A restaurant is a nuanced orchestra where entrepreneurship and accountability show up together. “Teaching them about leading,” Basham says of what he still gets up for. “When I see that kind of energy, it’s very contagious. And that’s what I get excited about. When we have success and set records and somebody does something that worked really well, there’s a chance to celebrate that with them.”

He appreciates the speed of a never-static industry as well. Technology, for one, has presented some back-of-house benefits Basham feels can make the sector better, quickly. There are accounting and metric reports operators can evaluate and decipher as they happen.

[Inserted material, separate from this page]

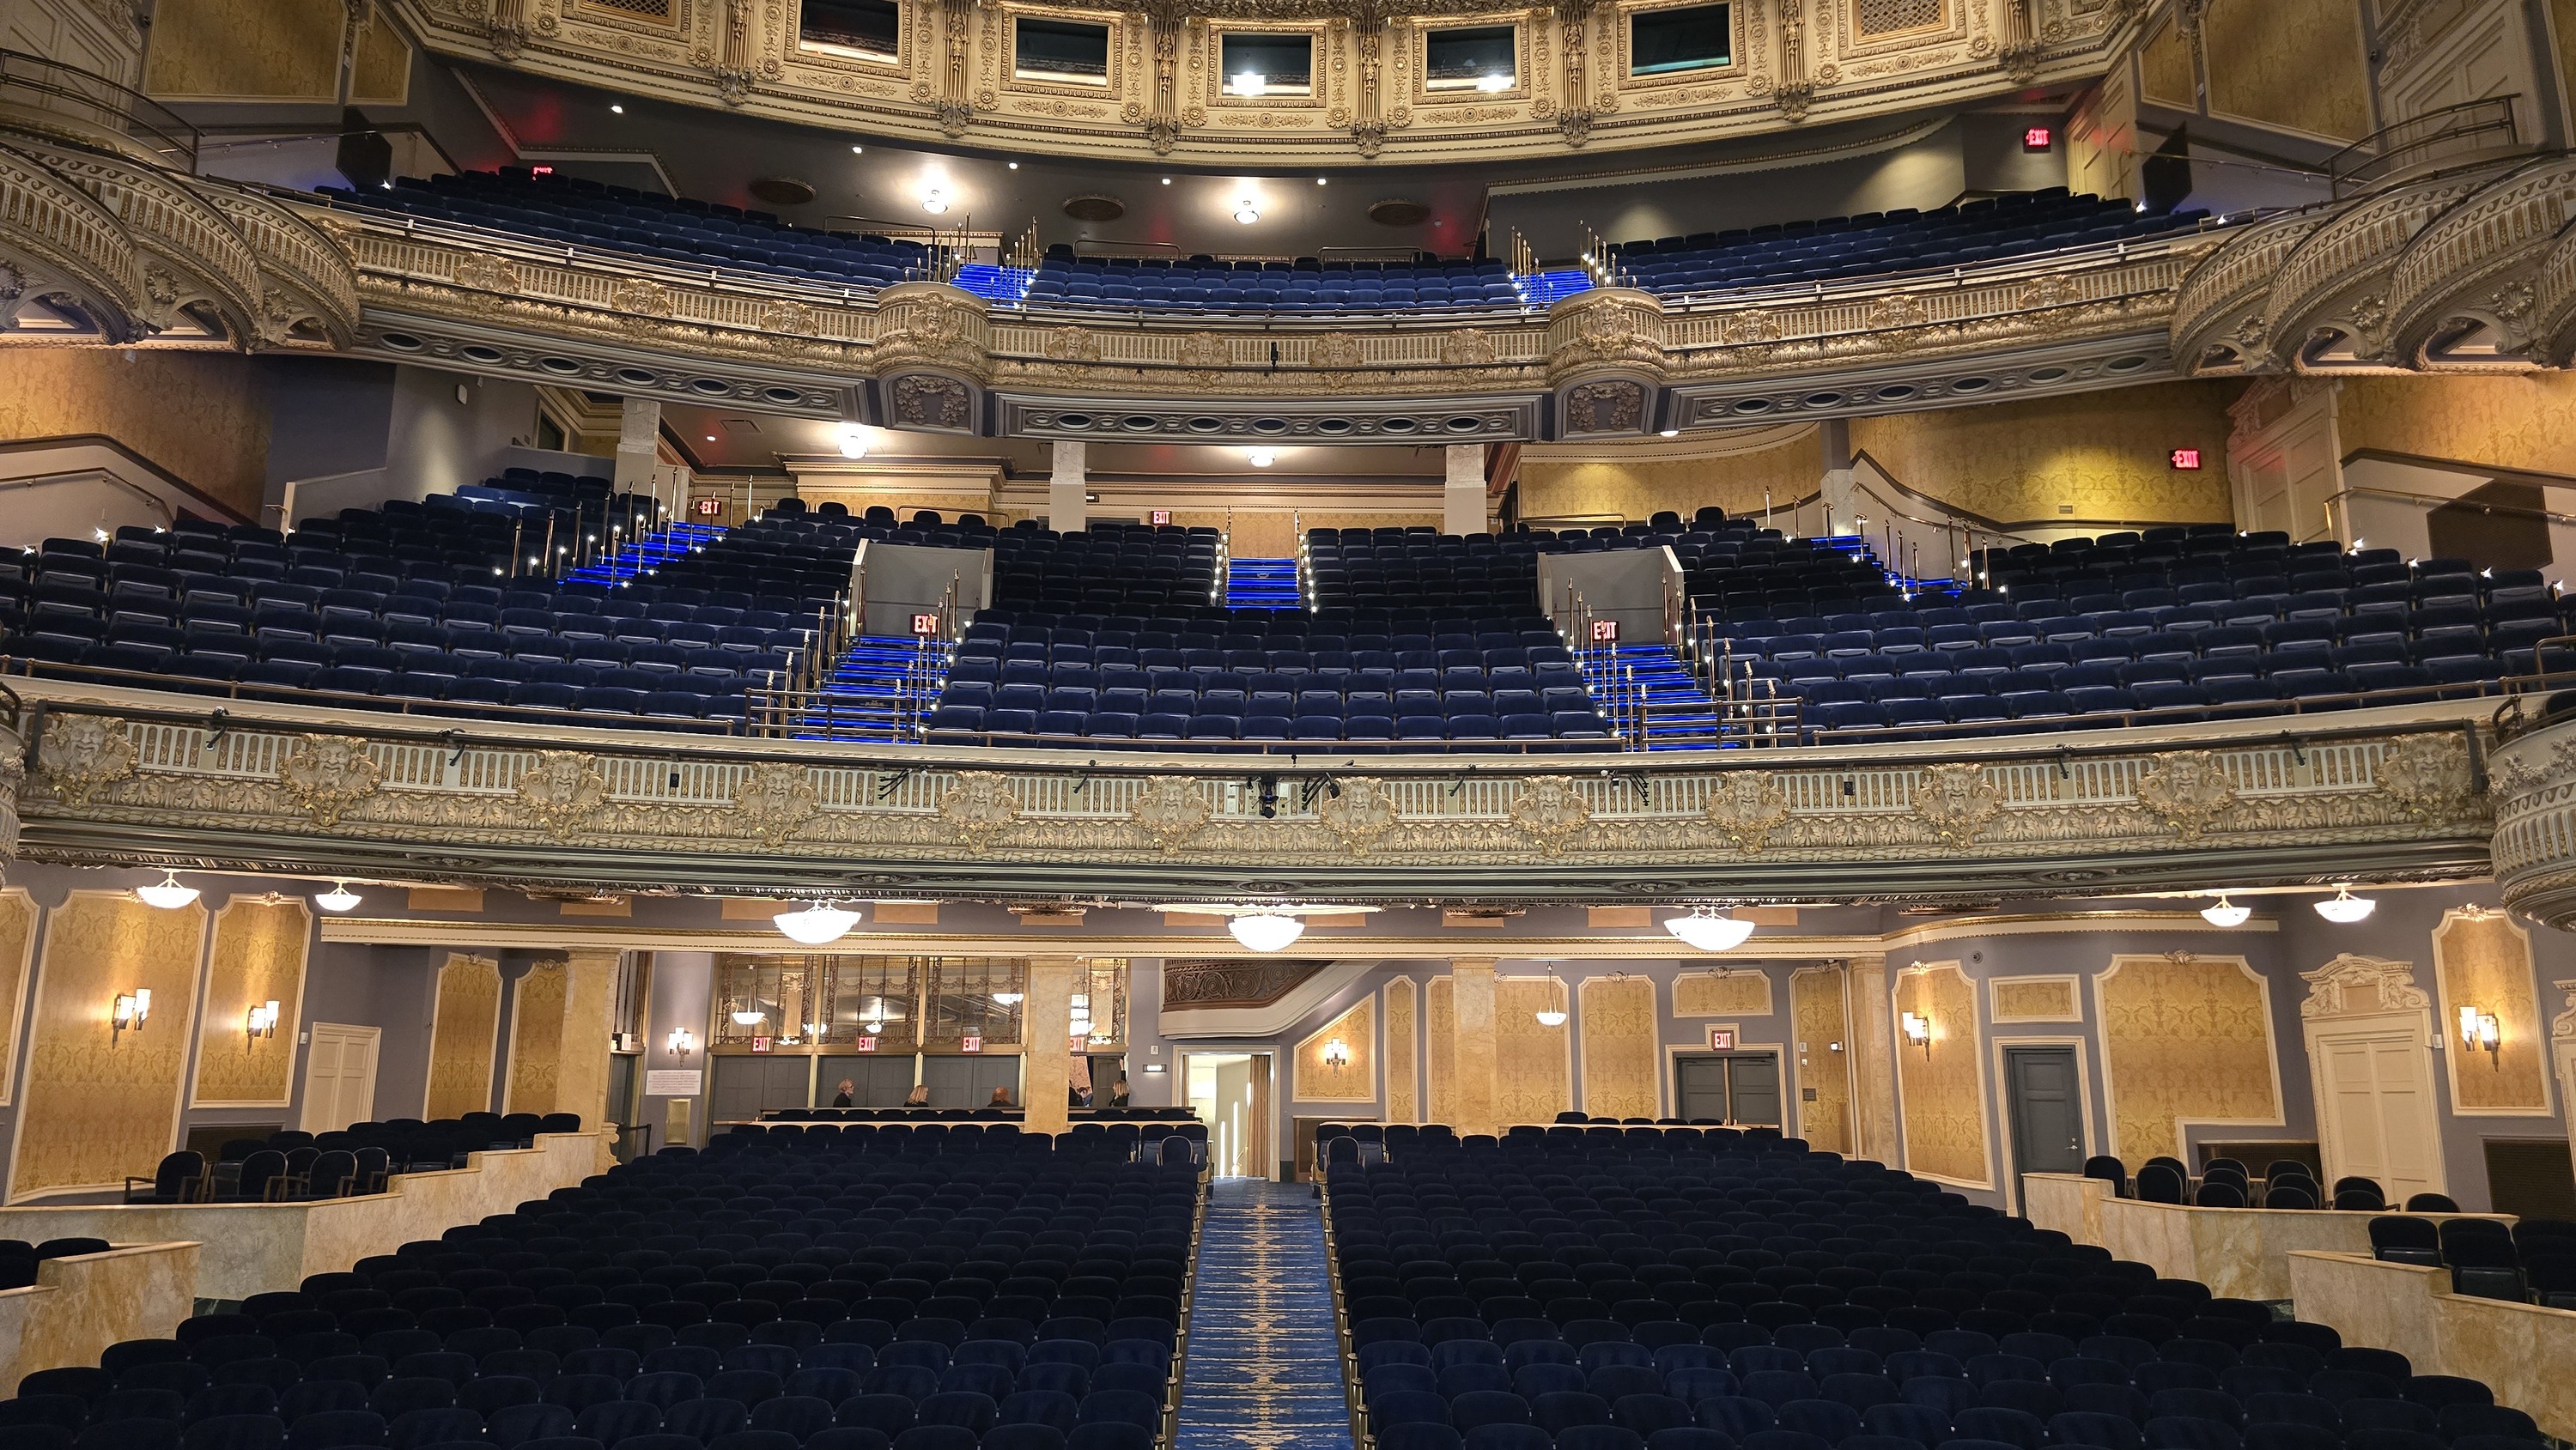 See inside the beautifully renovated Palace Theatre on Broadway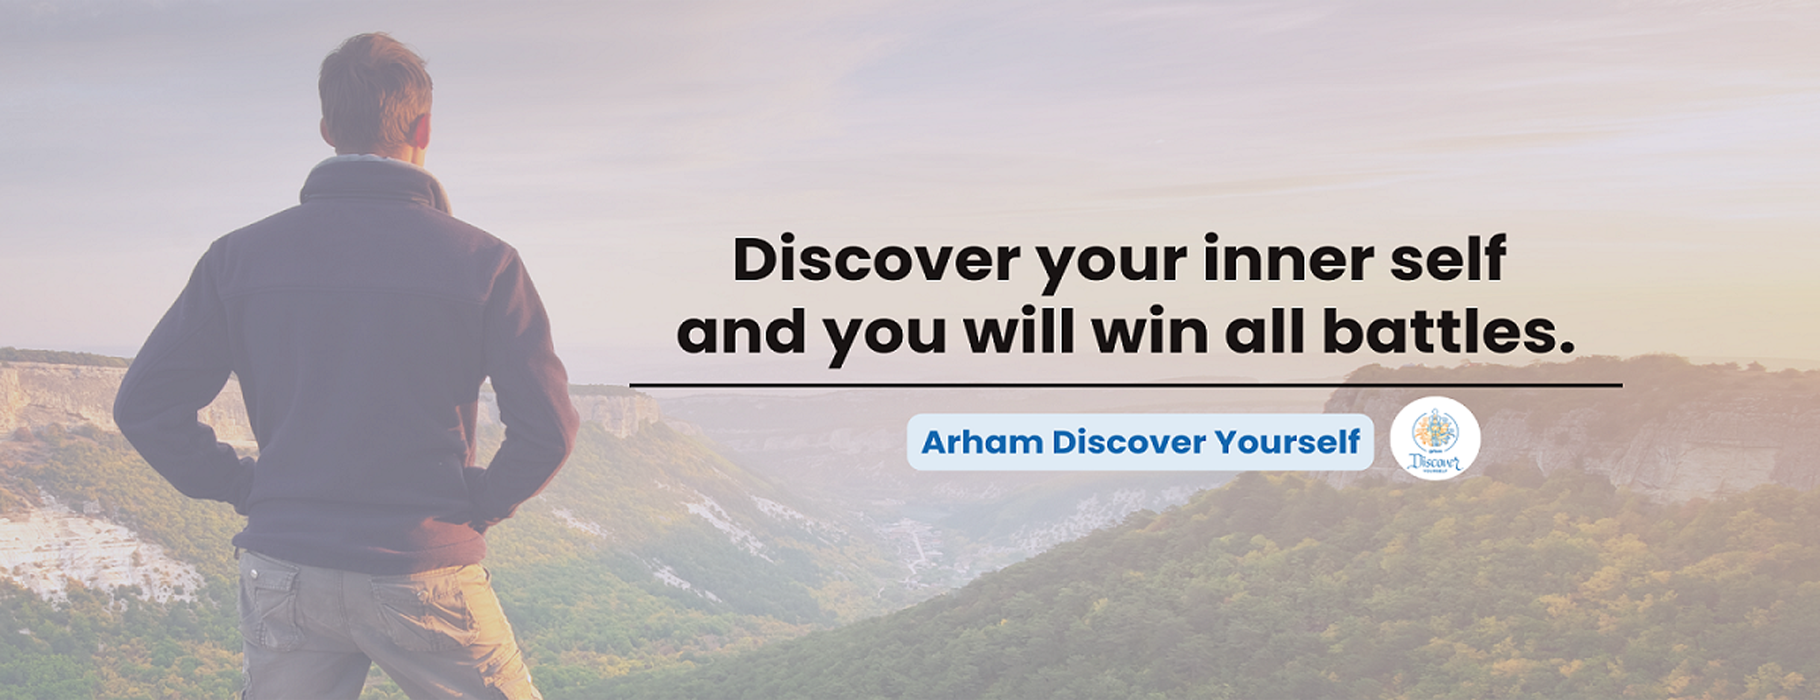 Arham Discover Yours

In turn, restaurants are able to pivot and be quicker to respond.

Yet hospitality, he says, isn’t going to get swapped for AI. Learning more about customers and being able to recognize who they are and why they show up should transform hospitality to a deeper, interpersonal level. This is still a relationship business, and information helps.

Glory Days is deploying technology regarding feedback on LTOs. It can see how an item performs and if it’s affecting either PPA, guest counts, or something else. And the company makes a much speedier response.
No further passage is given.